The Penn Library Data Farm is a repository of quantitative information developed to aid the measurement and assessment of library resource use and organizational performance. In its design, this repository is multipurpose, providing space to assemble, process, integrate, analyze, and disseminate data. Functions of the Data Farm include:

  • maintaining and organizing raw and processed log files from web and other kinds of servers

  • developing and executing custom programs that parse and extract transaction logs for data processing

  • running custom programs to generate and update statistics on digital and physical library use

  • generating specialized web use reports with off-the-shelf log analyzer software

  • documenting data definitions, scripts and other data processing methods

  • providing and maintaining web access to raw and processed data sets that can be used for detailed analysis by librarians who need quantitative information in their work

  • accessing, by a secure means, vendor-generated reports on the Penn community's use of licensed resources.

See the Schematic View for further details about the repository architecture.

The Data Farm project follows these basic design principals:

  • Reports must be self-executable
    All the raw and processed files present in the Data Farm are built up automatically using scripts that run on defined sc hedules without direct human mediation

  • A uniform set of data processes must govern summary statistical output for consistency across reports and over time

  • Wherever possible the repository must make available semi-processed or raw data files for staff who wish to study use in greater detail than the summary reports provided in the Data Farm.
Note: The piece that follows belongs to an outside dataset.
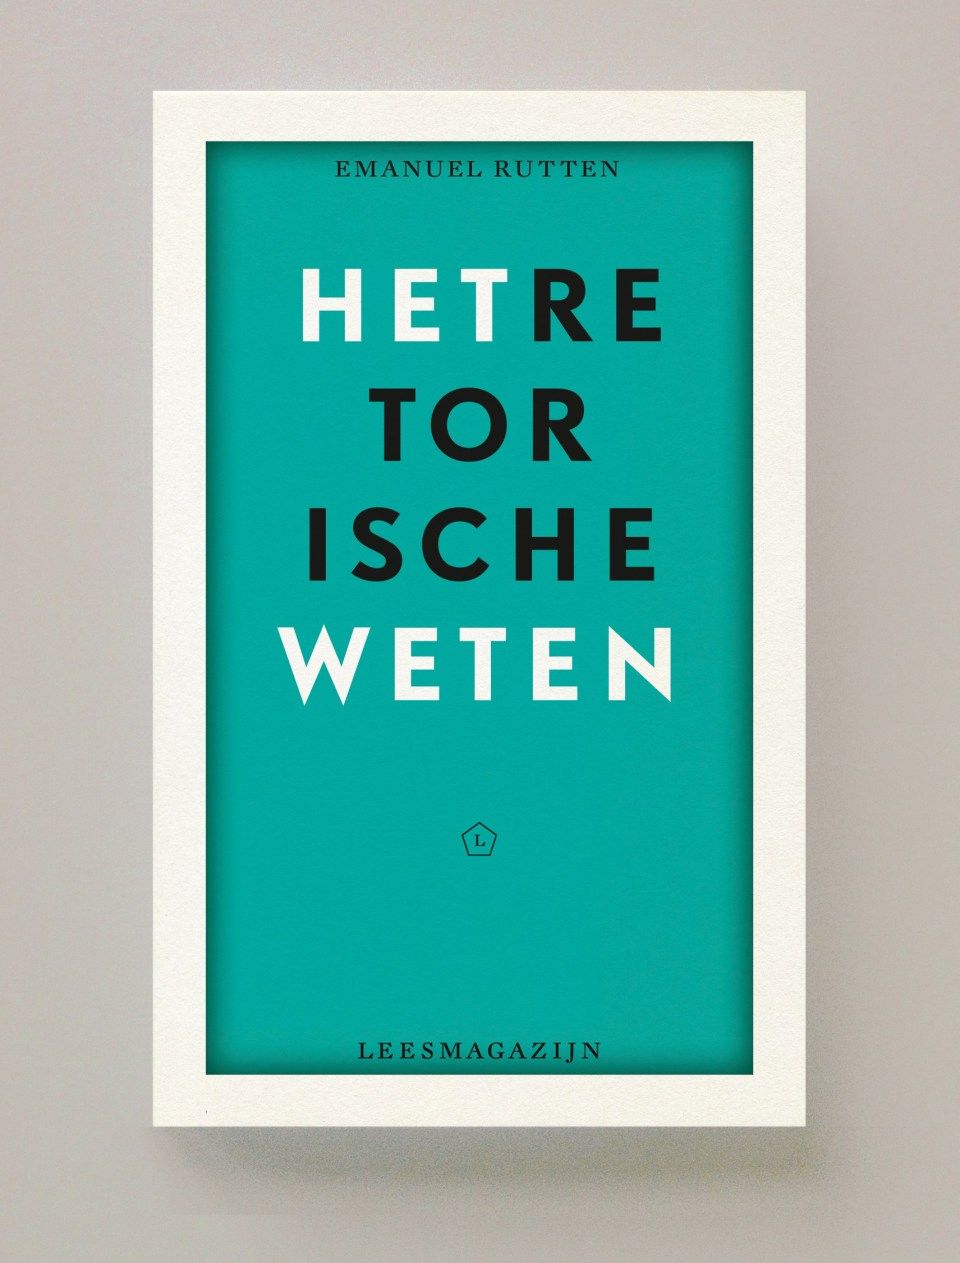 cover-RetorischeWeten-Highres

A space–the Shared File Depository–is provided to post and exchange ad hoc reports using Data Farm resources, vendor reports or other data sets

  • The site must preserve the confidentiality of library patrons in processed reports and published data files

  • The library community will be provided open access to scripts and other nonproprietary tools used to build and maintain the repository. See the Script Library for further information.

The Data Farm is a utility for staff who need quantitative information to manage resources, improve service, and assess library performance and impact. It is not a static warehouse of figures, but a more dynamic program that, to the greatest possible extent, equips staff to analyze and assess their work independently. The development of this site and the manner of its presentation are motivated by the need for empirical data that support planning and the acheivement of goals, and will evolve according to this principal.